DATA PROVIDED:

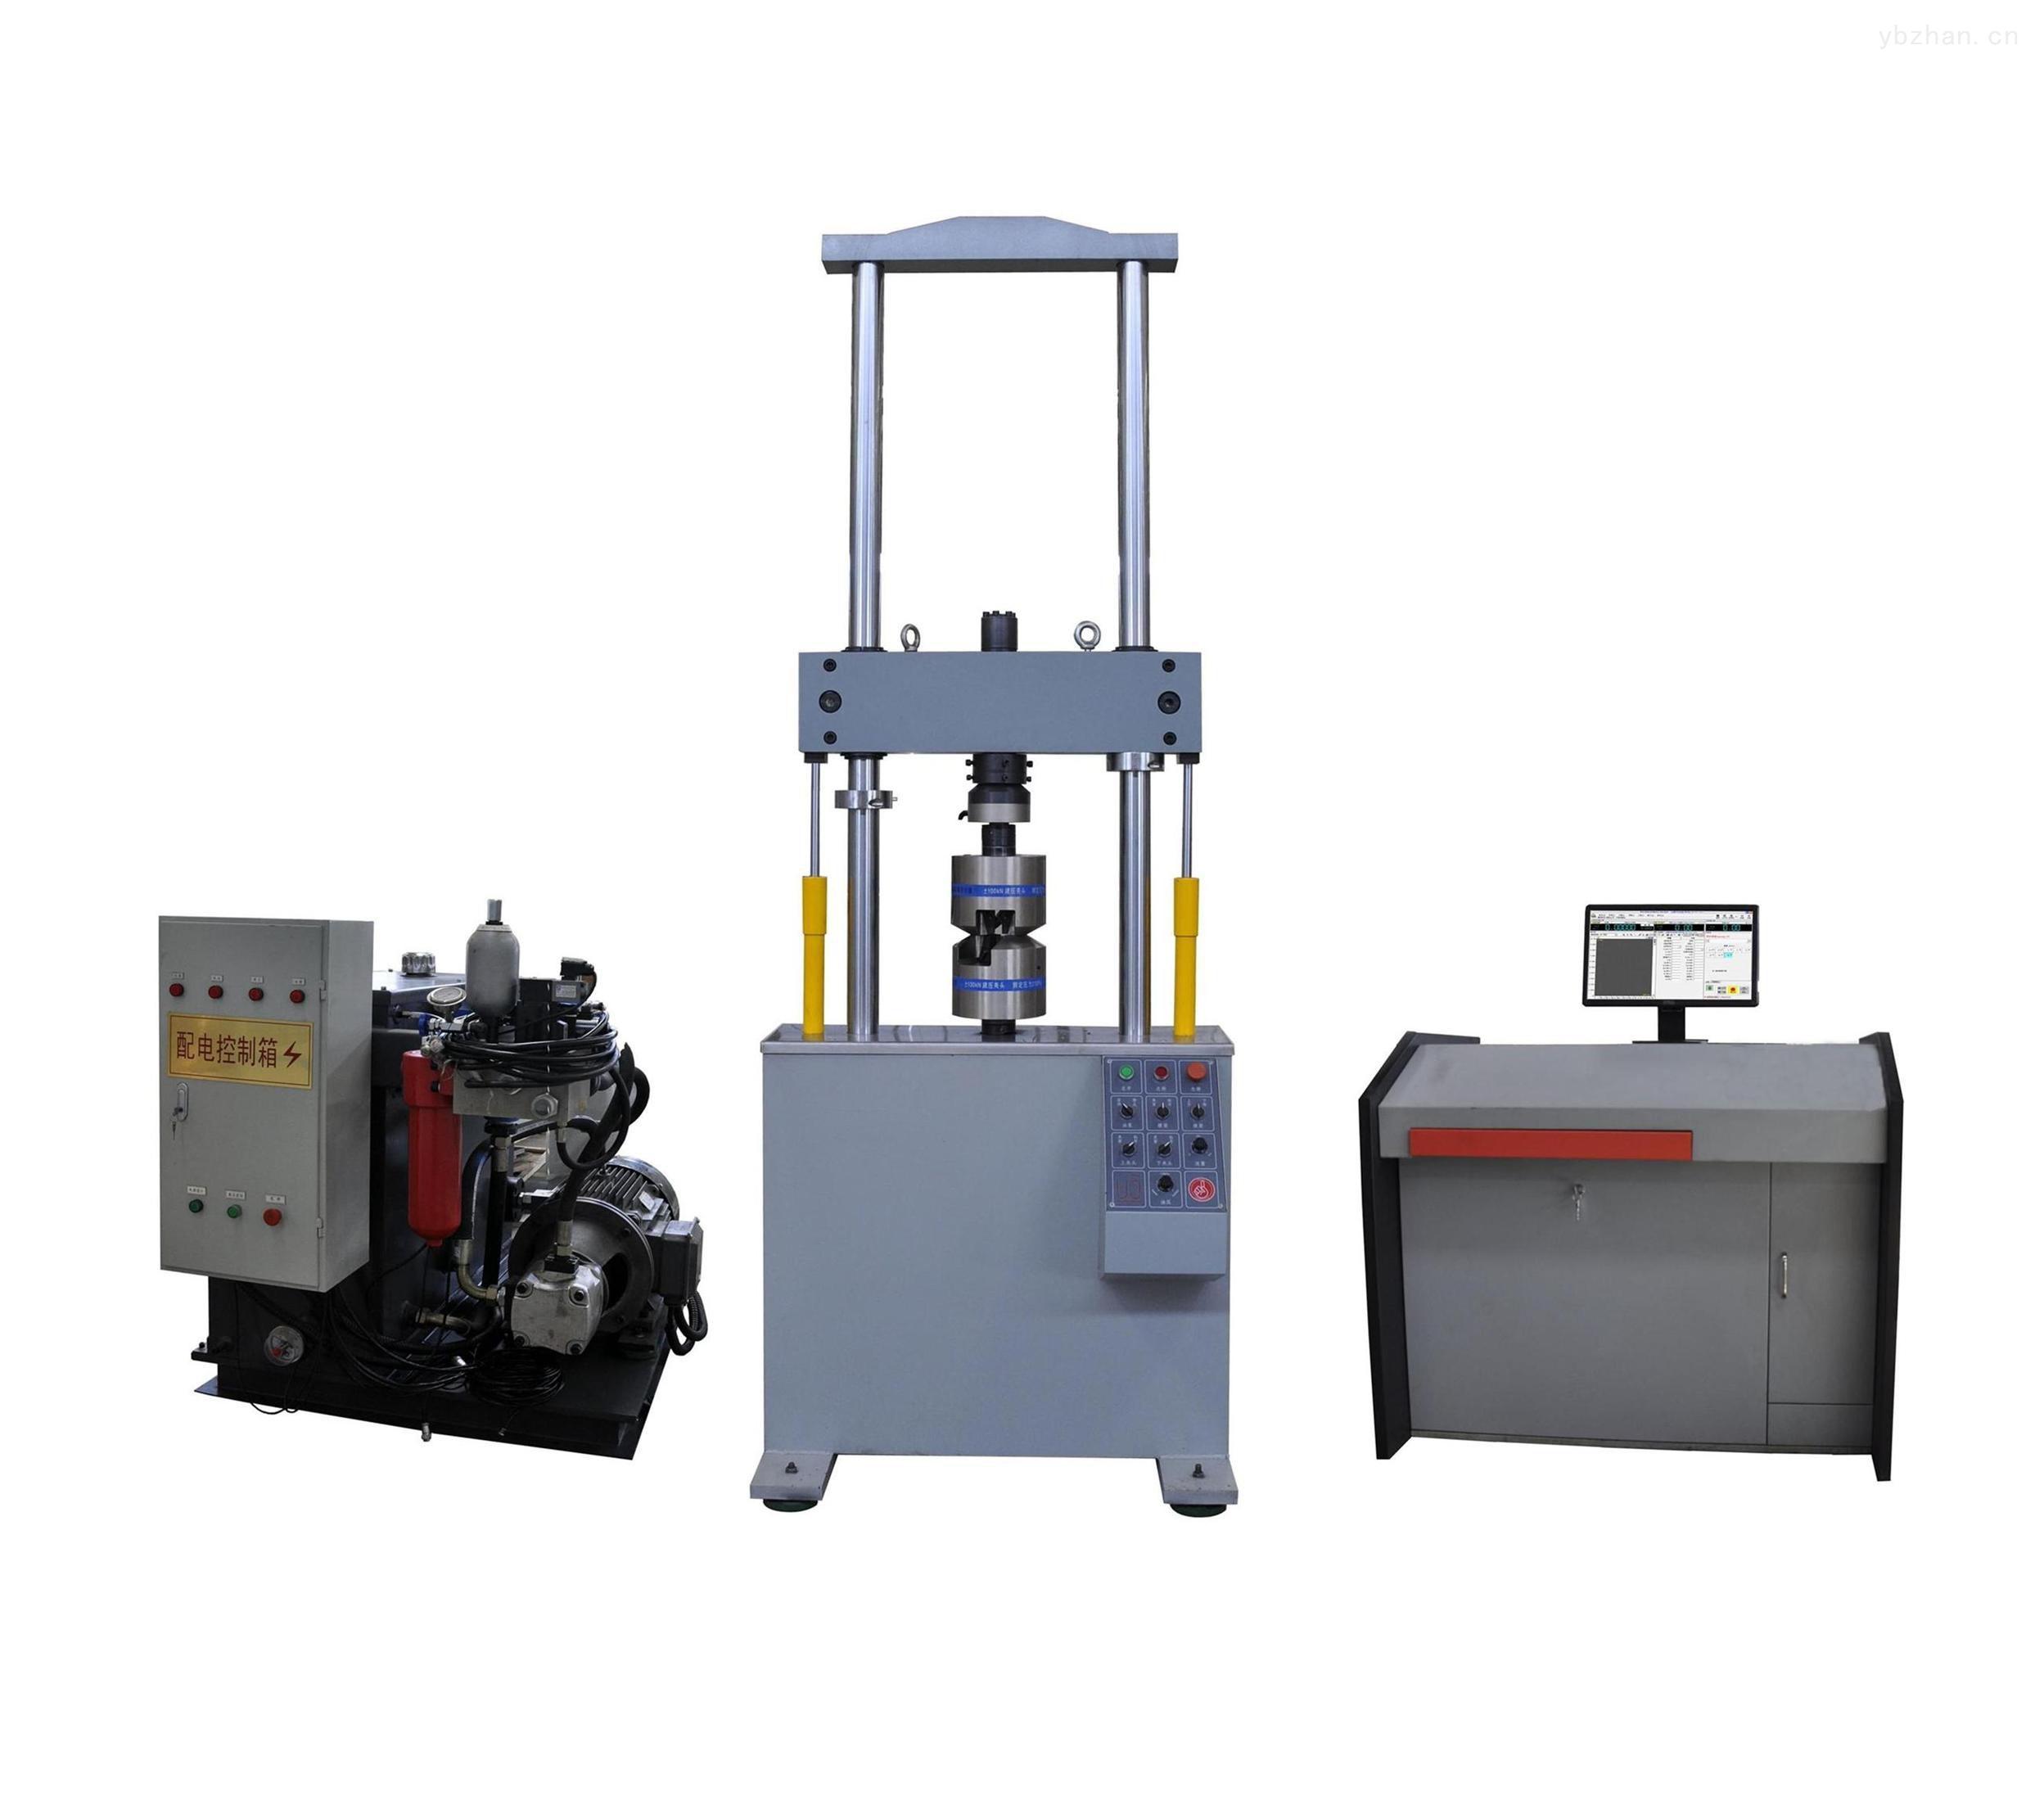 济南翰森供应动态疲劳试验机微机控制电液伺服疲劳试验机
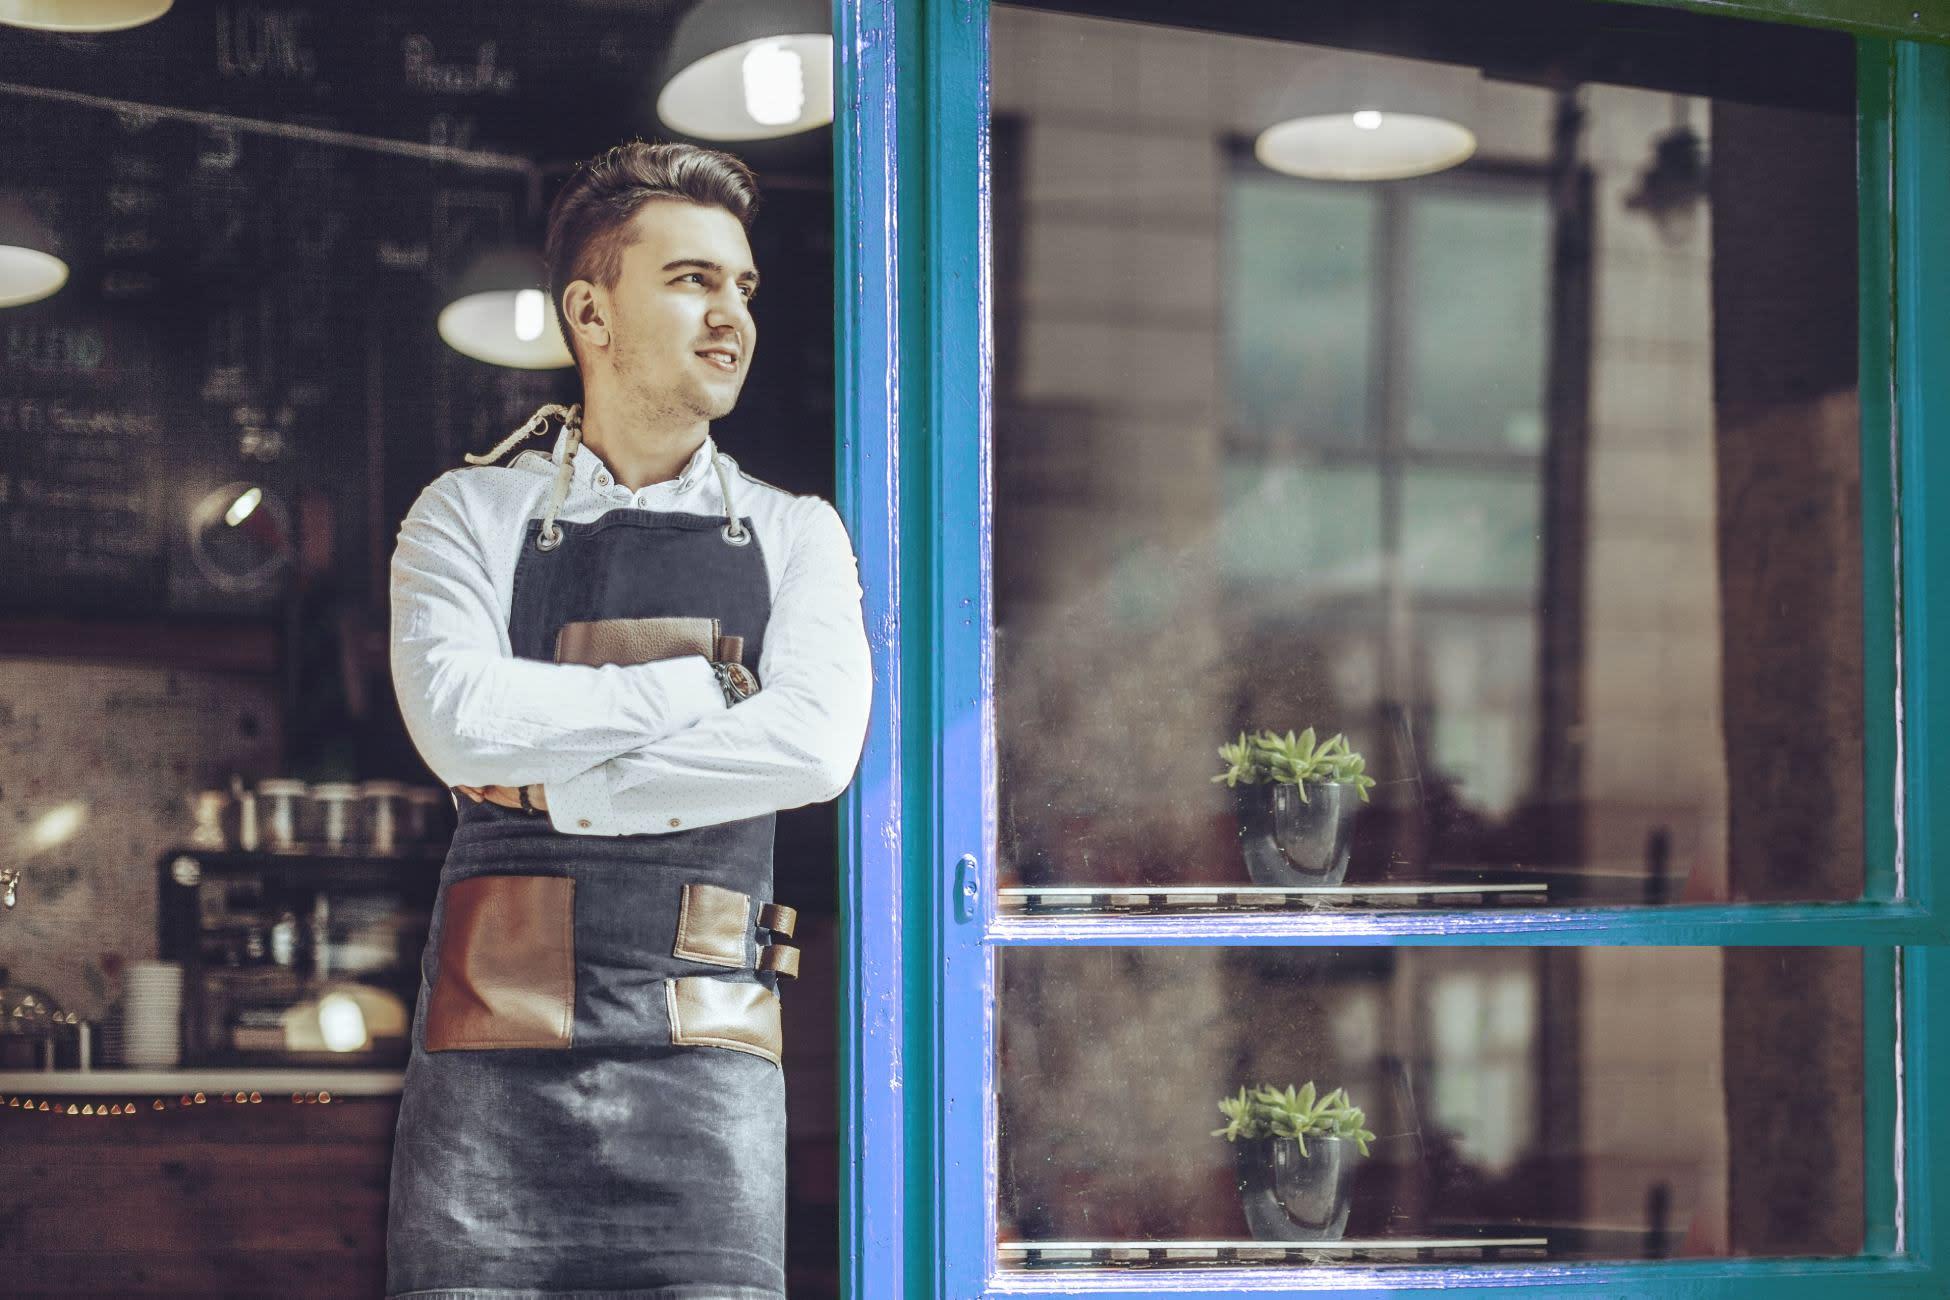 Coffee shop worker
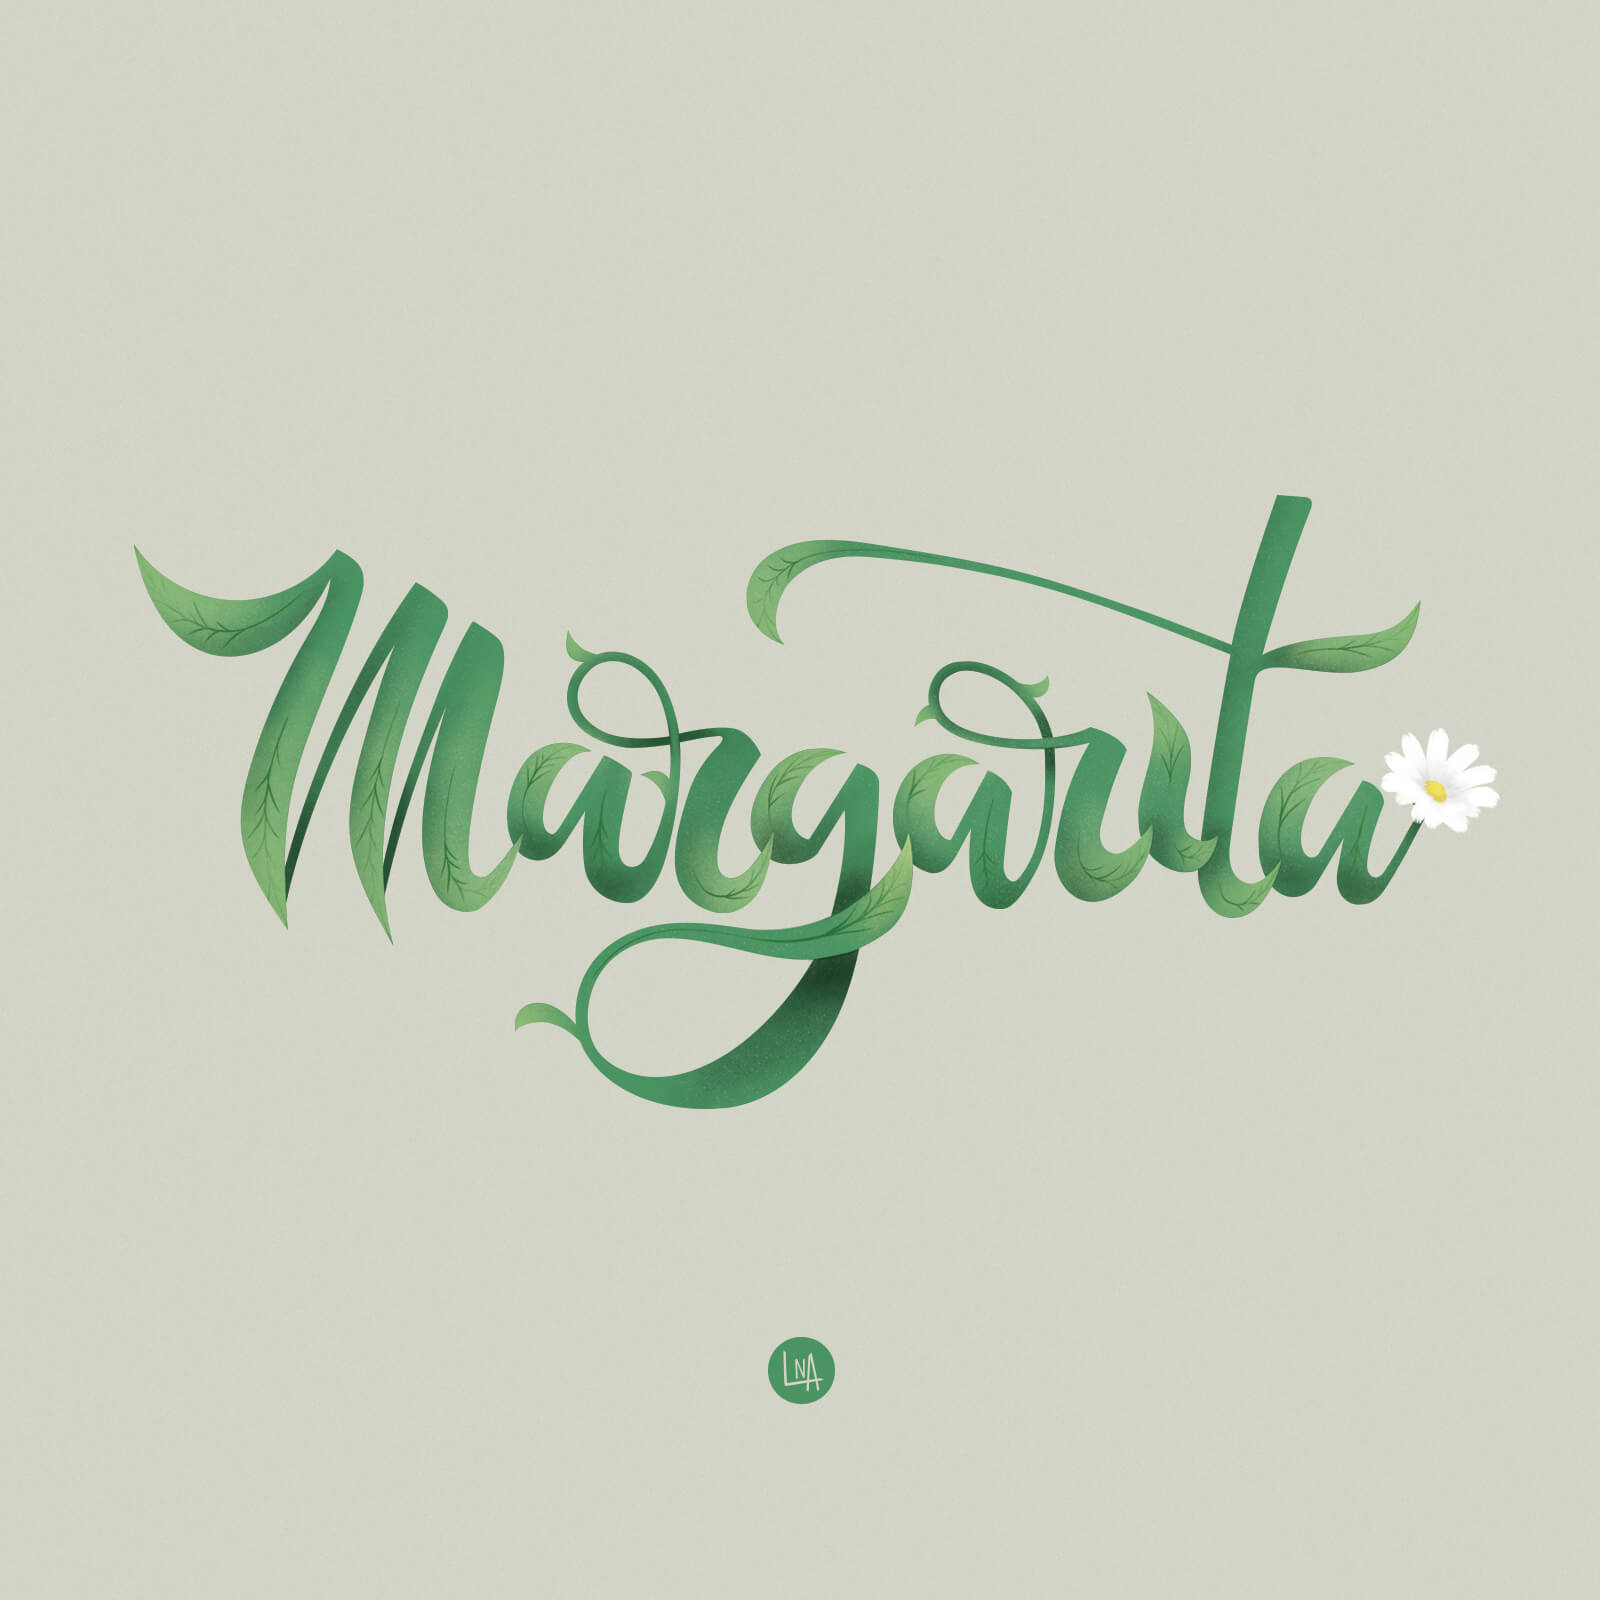 Margarita - Elena Corraliza

TO DO: Images should not appear in the copy; retype the listing above exactly.

SOLUTION FOR THIS TASK:
 济南翰森供应动态疲劳试验机微机控制电液伺服疲劳试验机
 Coffee shop worker
 Margarita - Elena Corraliza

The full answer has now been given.